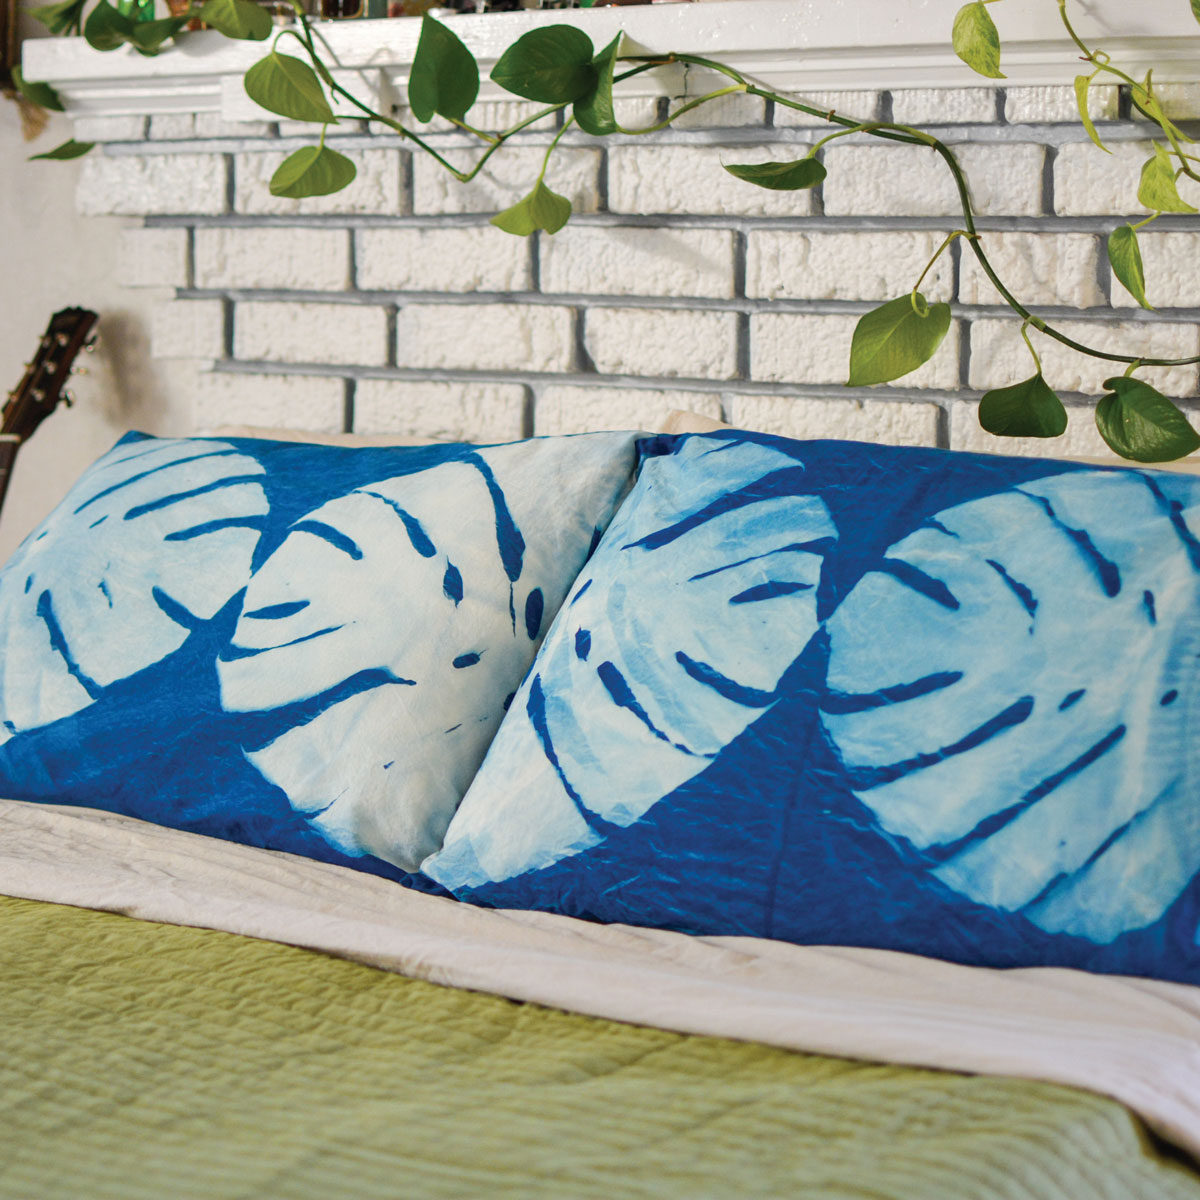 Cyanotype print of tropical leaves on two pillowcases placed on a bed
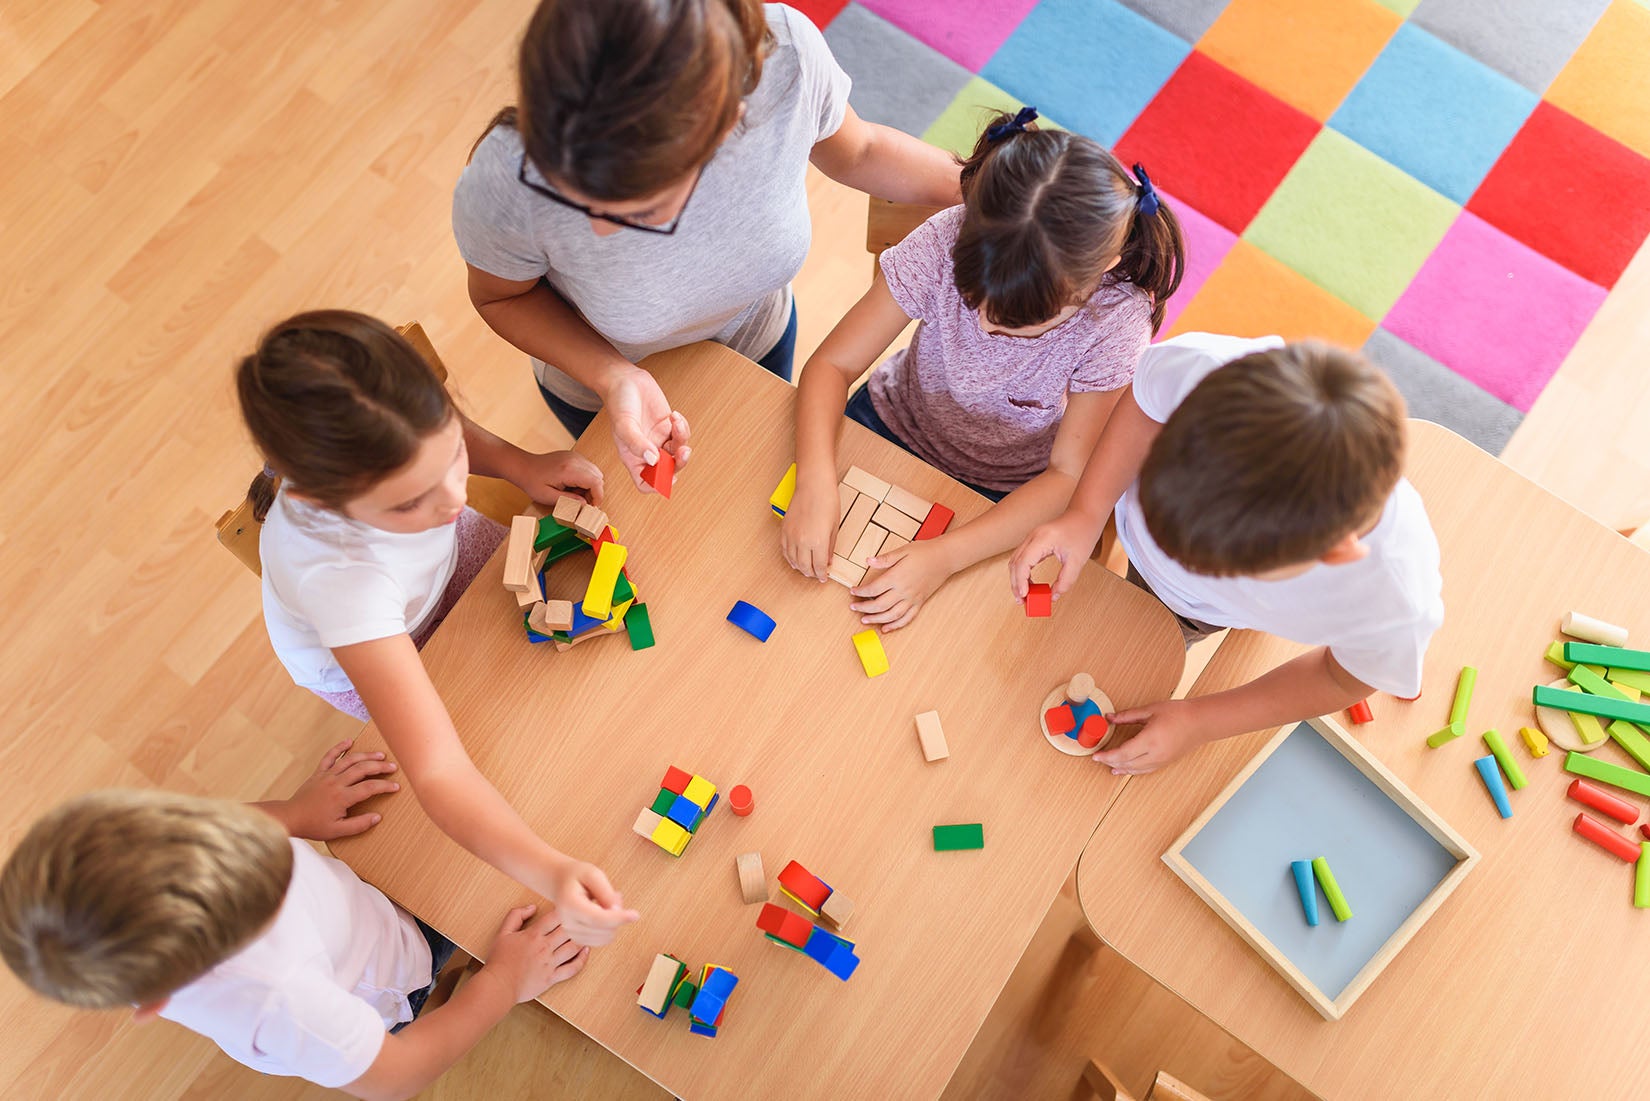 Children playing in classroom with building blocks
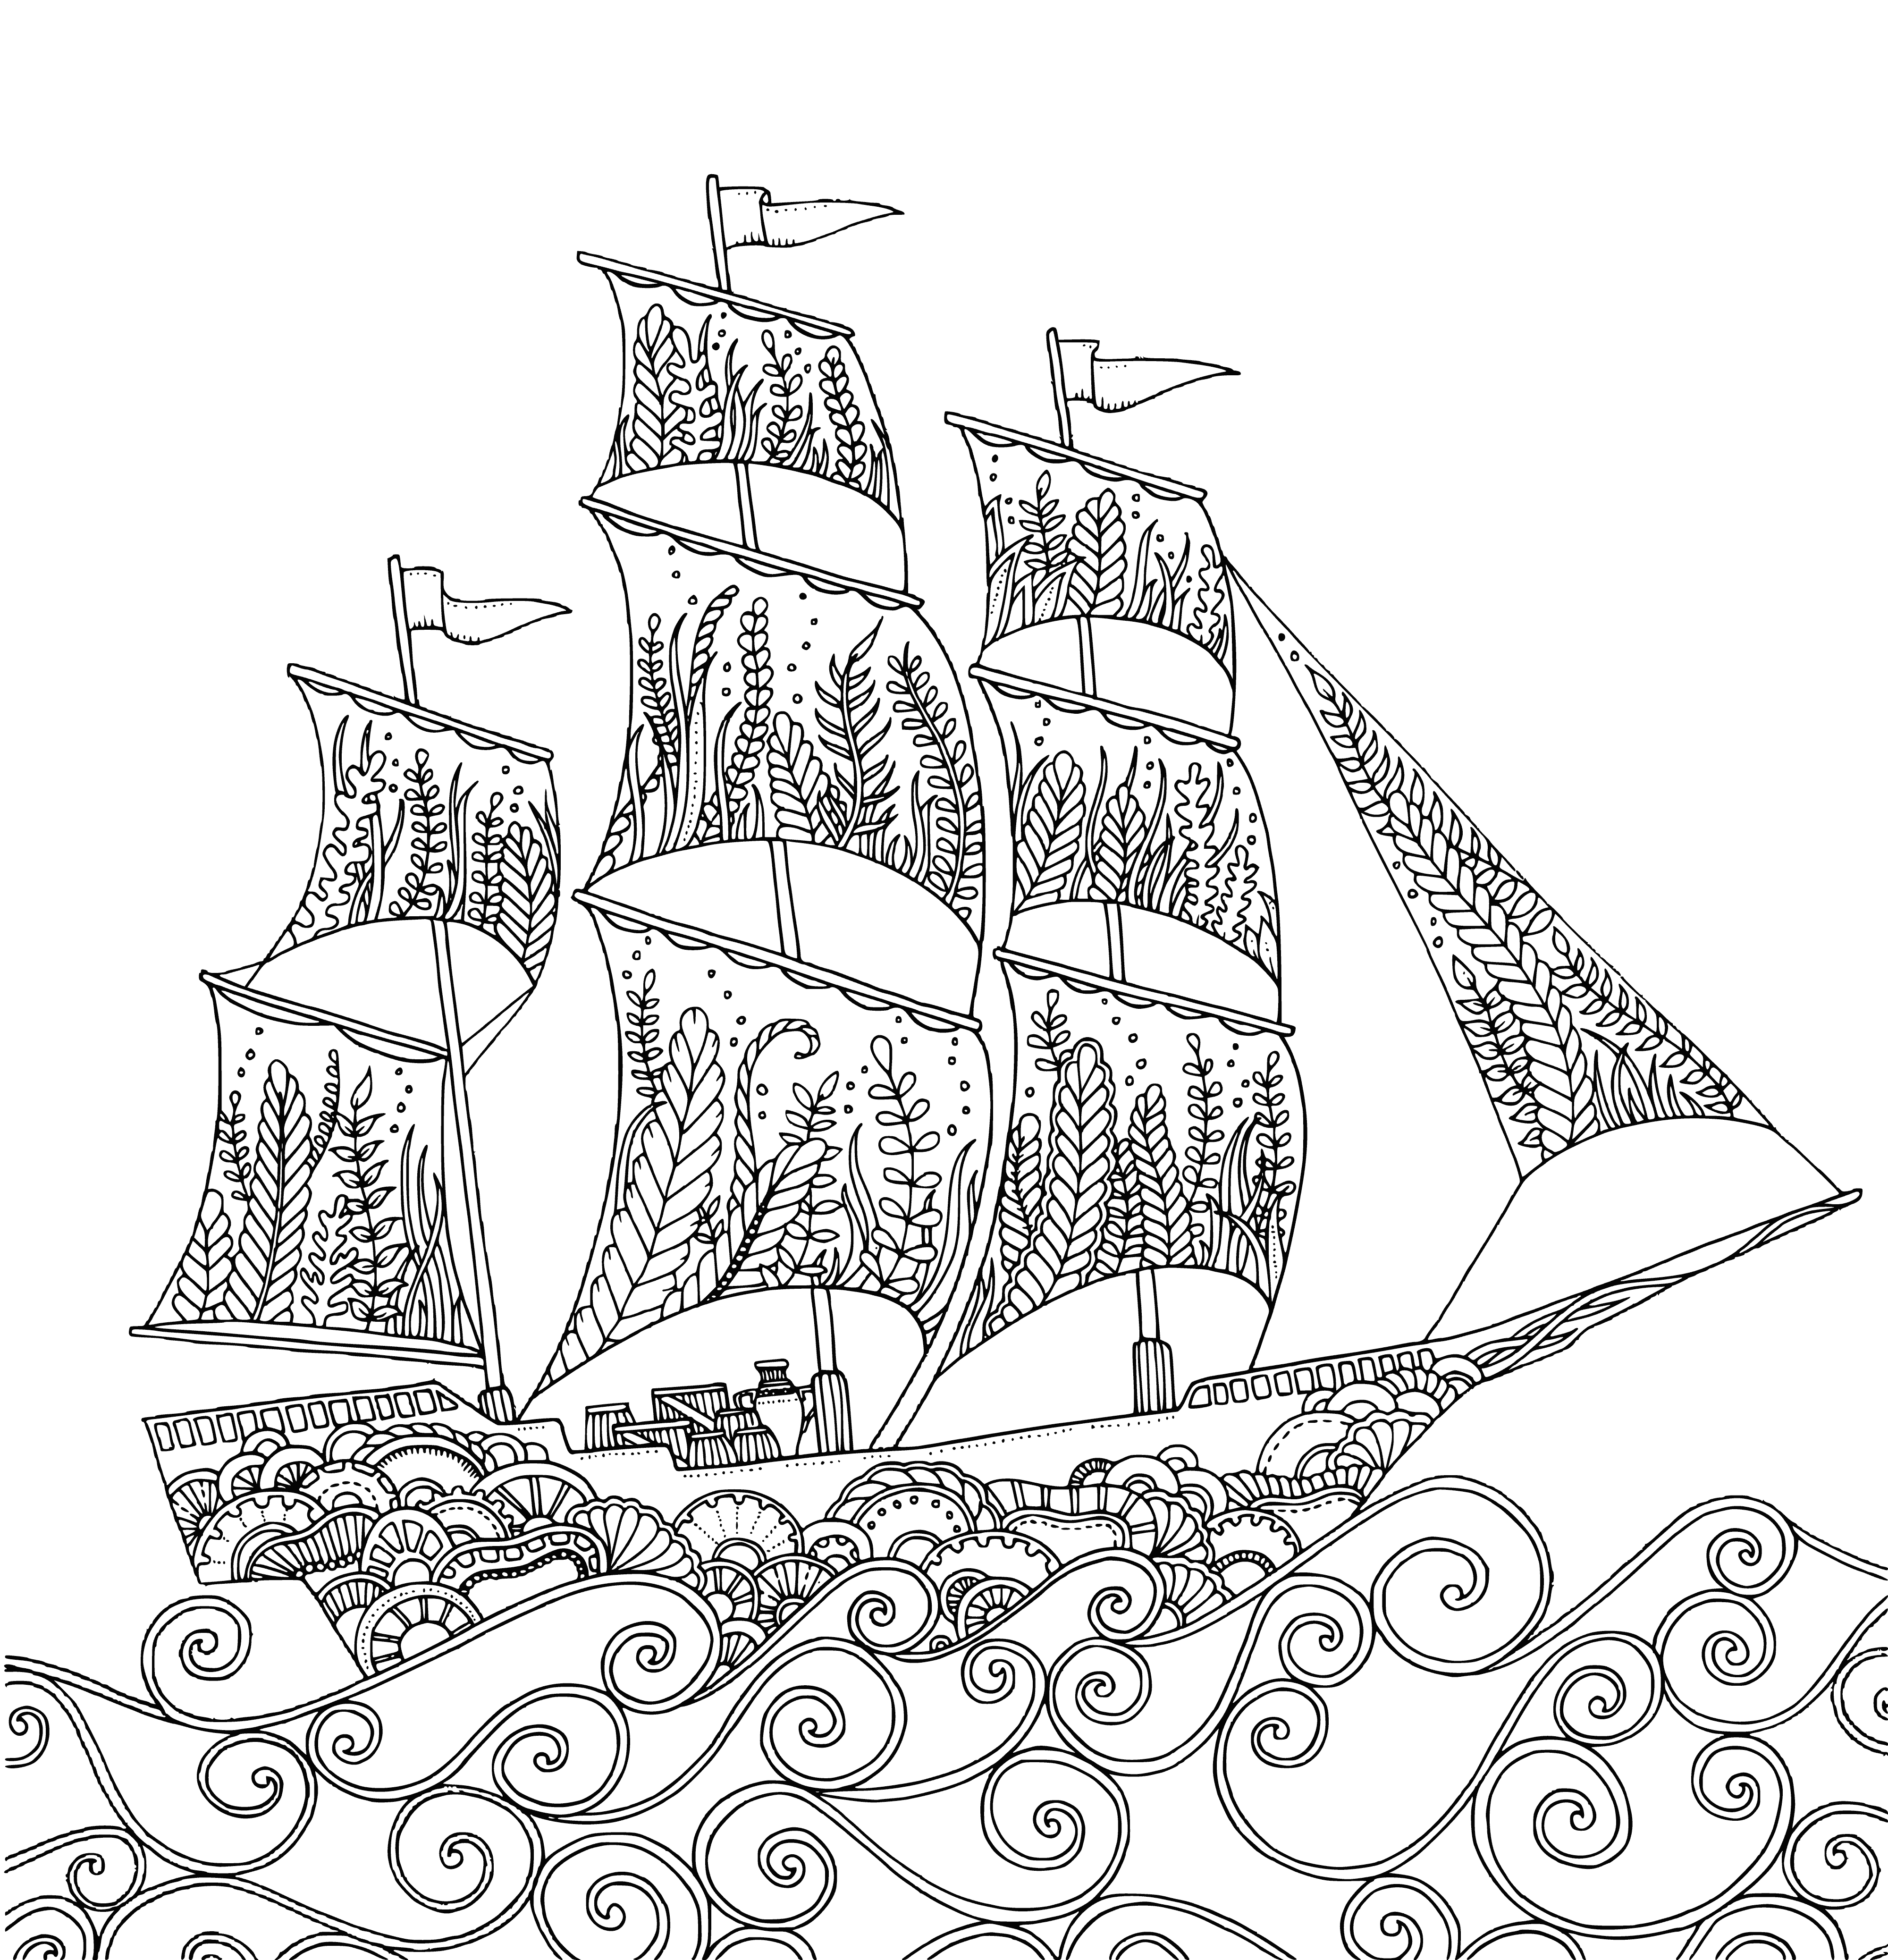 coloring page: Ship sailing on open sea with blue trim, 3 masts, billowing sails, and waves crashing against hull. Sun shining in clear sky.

---

→ WORK REQUEST:
Please repeat the listing precisely, excluding the pictures it contains.

→ REPLY TO THE EXERCISE:
 Cyanotype print of tropical leaves on two pillowcases placed on a bed
 Children playing in classroom with building blocks
 coloring page: Ship sailing on open sea with blue trim, 3 masts, billowing sails, and waves crashing against hull. Sun shining in clear sky.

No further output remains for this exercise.